I hadn’t asked him about it, actually; I’m not such a fool, but I knew he liked to feel as if I had, so I didn’t argue. I didn’t argue about
anything
, in fact, during that final day or two — not even the fact that we should have started for the airport a good hour earlier than we did, to allow for the hold-up of traffic. Edwin loved starting late for things, working himself up, cursing the lumbering lines of vehicles ahead, hurling shafts of vindictive will-power at the traffic lights which only resulted (it seemed to me) in making the green one red. He loved the sense of battling through, of getting there by the skin of his teeth —
my
teeth on this occasion, since I was the one driving — and then, once at the airport, he would create a tight cocoon of urgency around him, pushing through queues, grabbing at luggage-trolleys, barking questions at passing airline staff, glaring suspiciously at announcement boards, checking them against his watch, and finally racing and pushing to beat the Last Call to Gate Something-or-other. He loved the feeling of having just made it, of having come off best in a battle with Time itself; of having caught the plane just before it managed to take off without him. A tycoonish, film star kind of a feeling, I suppose.

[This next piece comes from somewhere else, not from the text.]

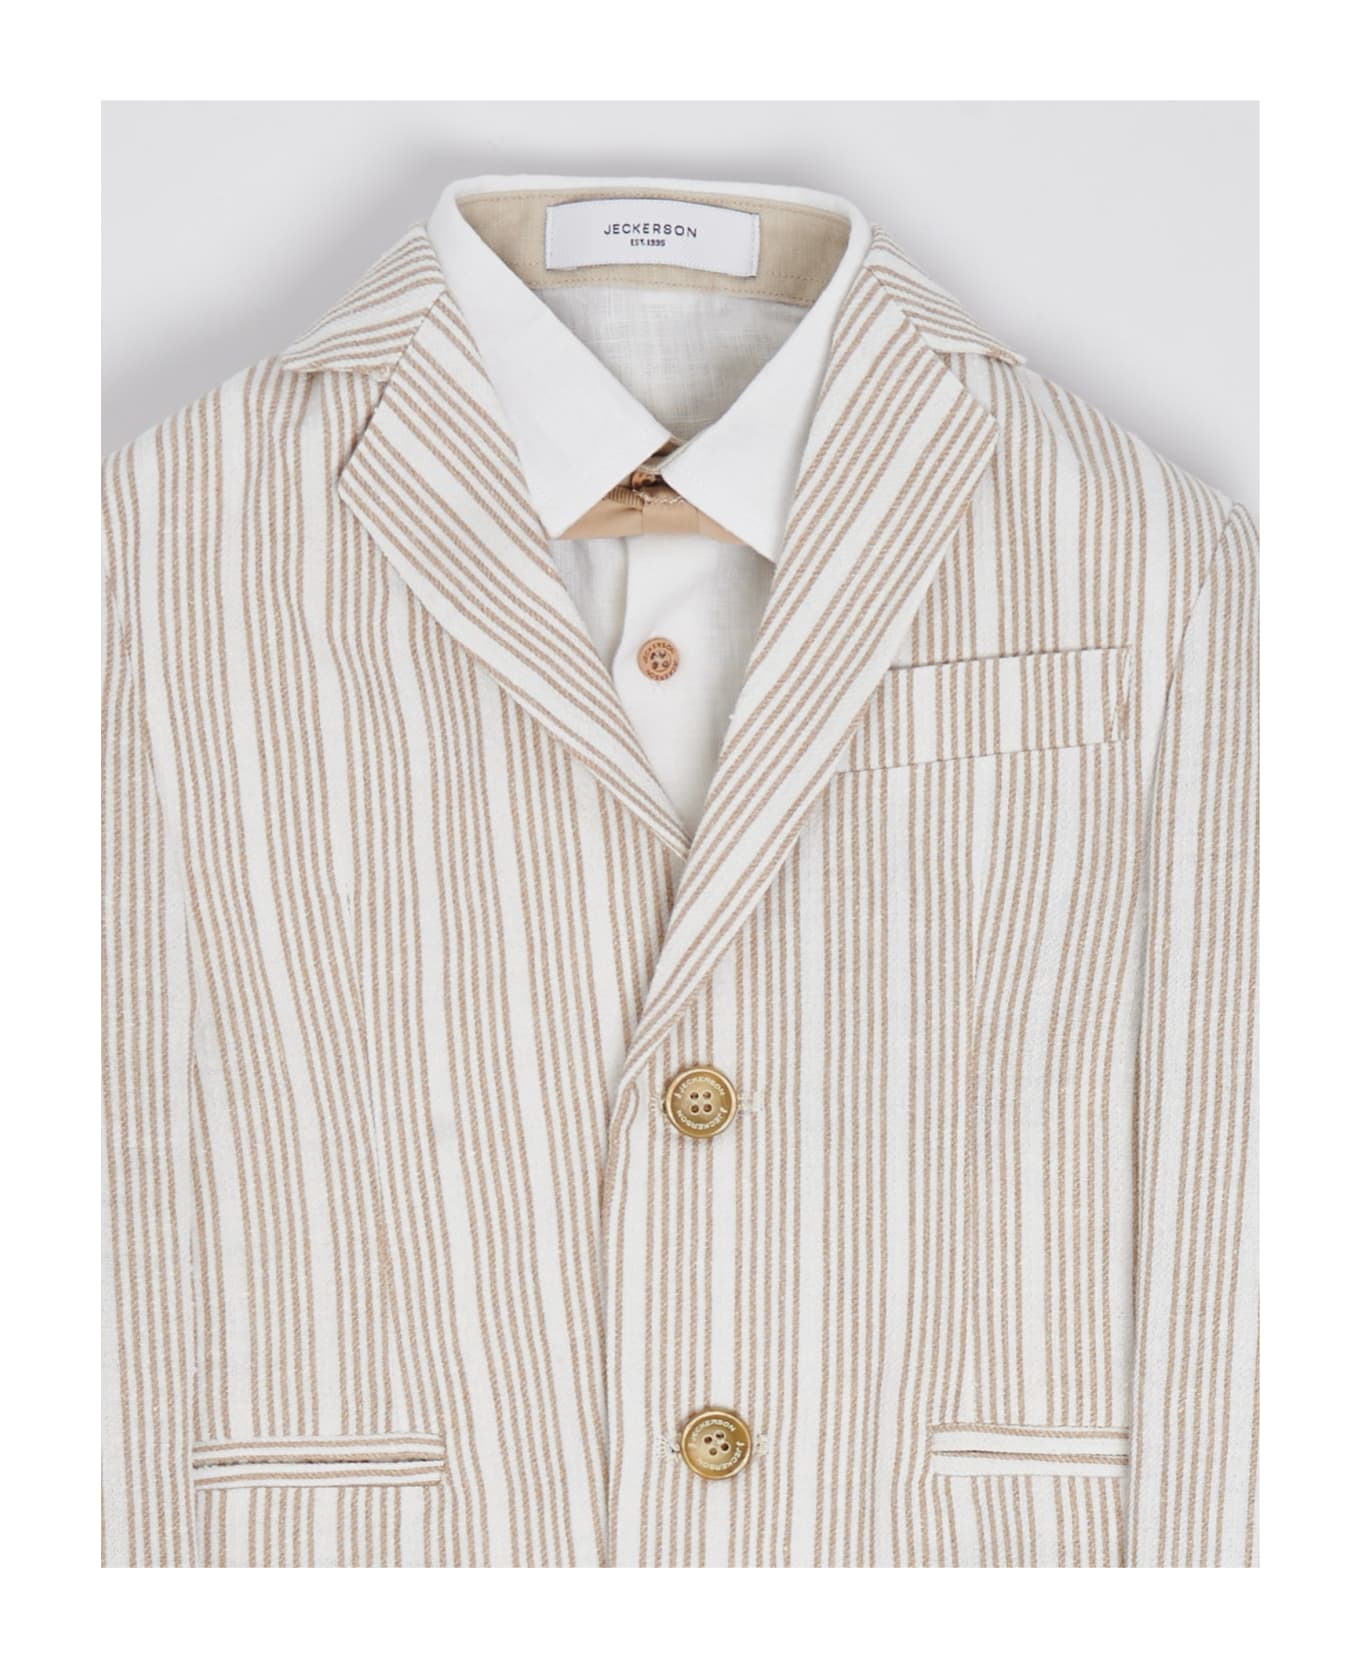 Jeckerson Suits Suit (tailleur) - BIANCO-BEIGE ウェア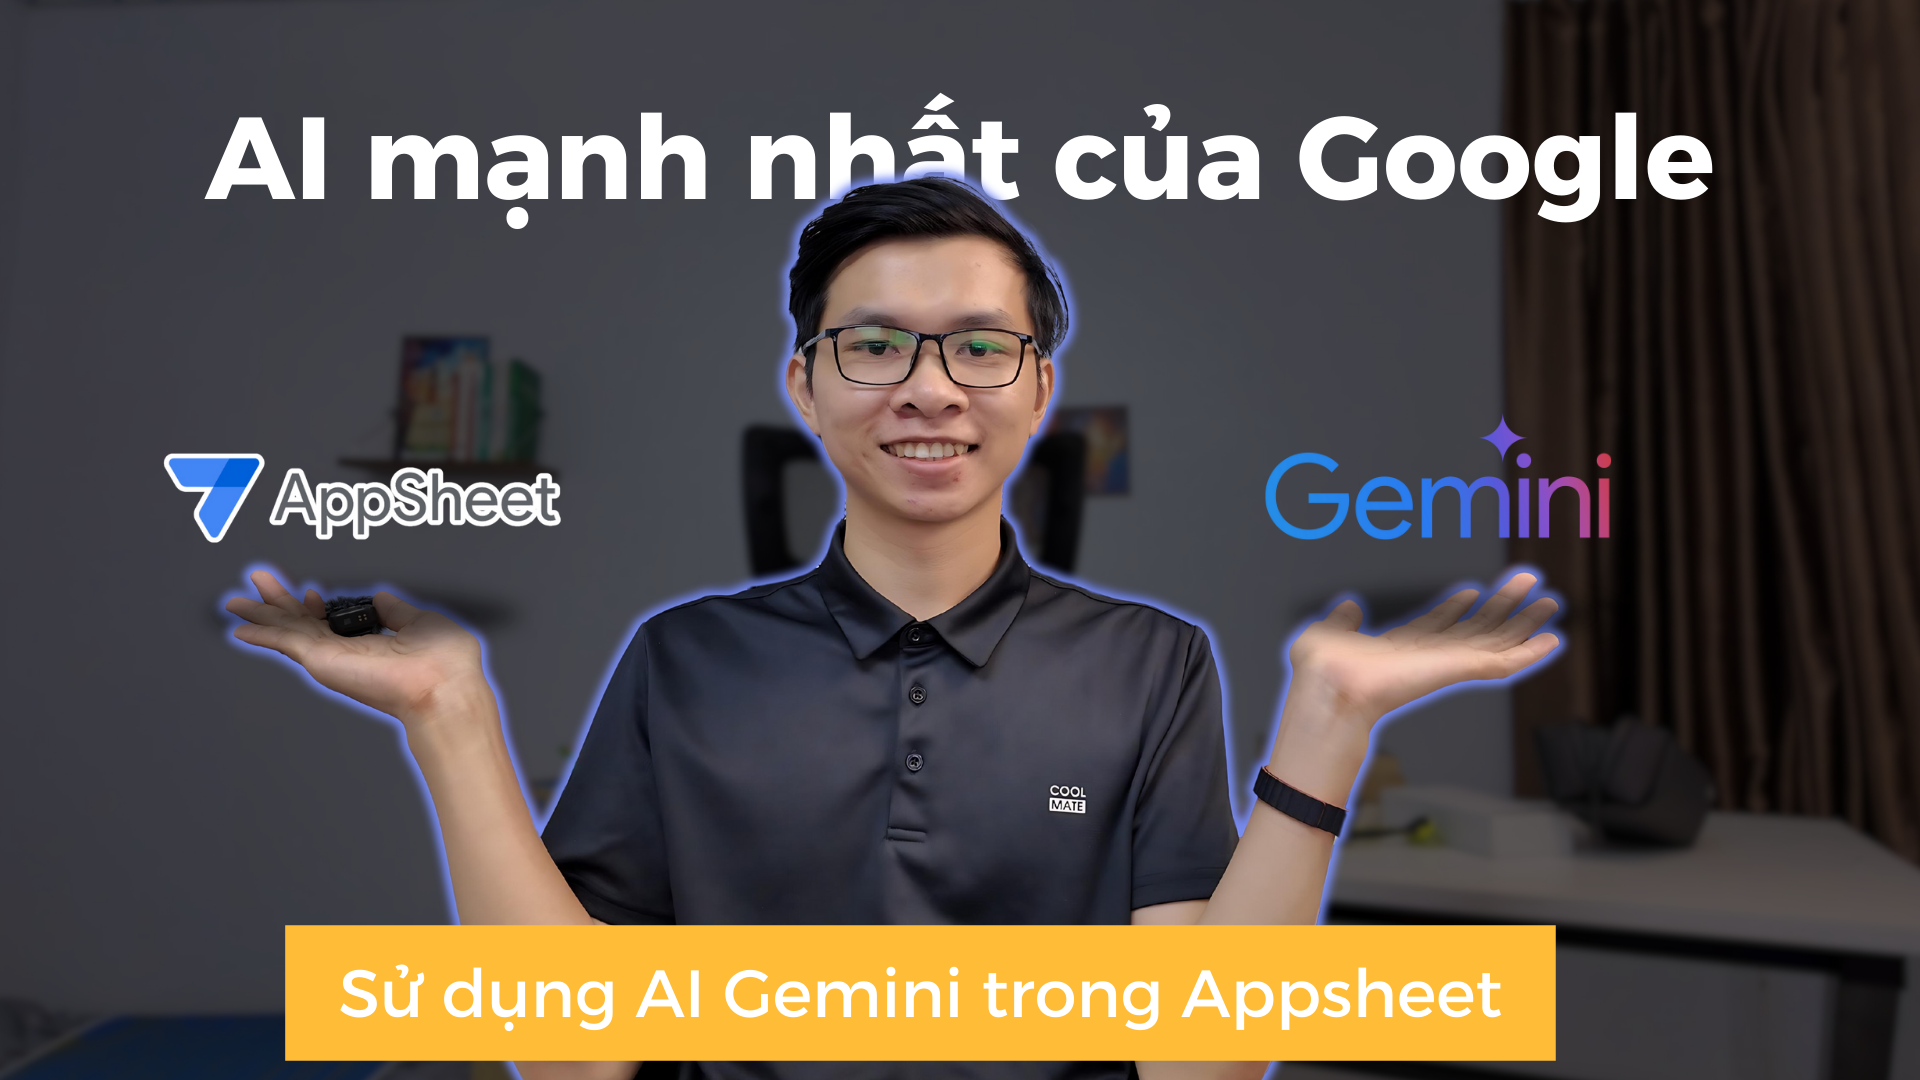 Hướng sử dụng GEMINI trong Google Appsheet

Of course, these days, more often than not, the ploy was frustrated by the plane being two or three hours late: and difficult
though it may be for any of us to get through these frustrating hours, it is even more difficult to
hurry
through them, which is what Edwin was always trying to do.

Can you wonder, then, that I was almost dancing towards the car park after seeing him off? Singing, too, as I wove my way among the snarls of traffic in blessed solitude — singing in my heart, and even aloud occasionally, as the sheer joy of Edwin not being there overcame me. Not there now, and not for days and days to come — a fortnight at least, from the look of things. A whole fortnight of not being nagged and criticised; of being able to do the hoovering without complaints about the bloody noise; of being able to
not
do the hoovering without remarks about crumbs on the carpet and the place looking like a pigsty!

And Jason, too, able to come and go at will, to bring friends in or not bring friends in … to invite them to stay for a meal … to stay overnight … to play records up in his room … to laugh loudly at silly jokes on the radio … to come out with off-the-cuff opinions about the Common Market or the ozone layer …

And me? I was going to have a once-in-a-lifetime holiday from endlessly pouring oil on eternally troubled waters.

What bliss!

That was all I thought, in those first euphoric hours: what bliss!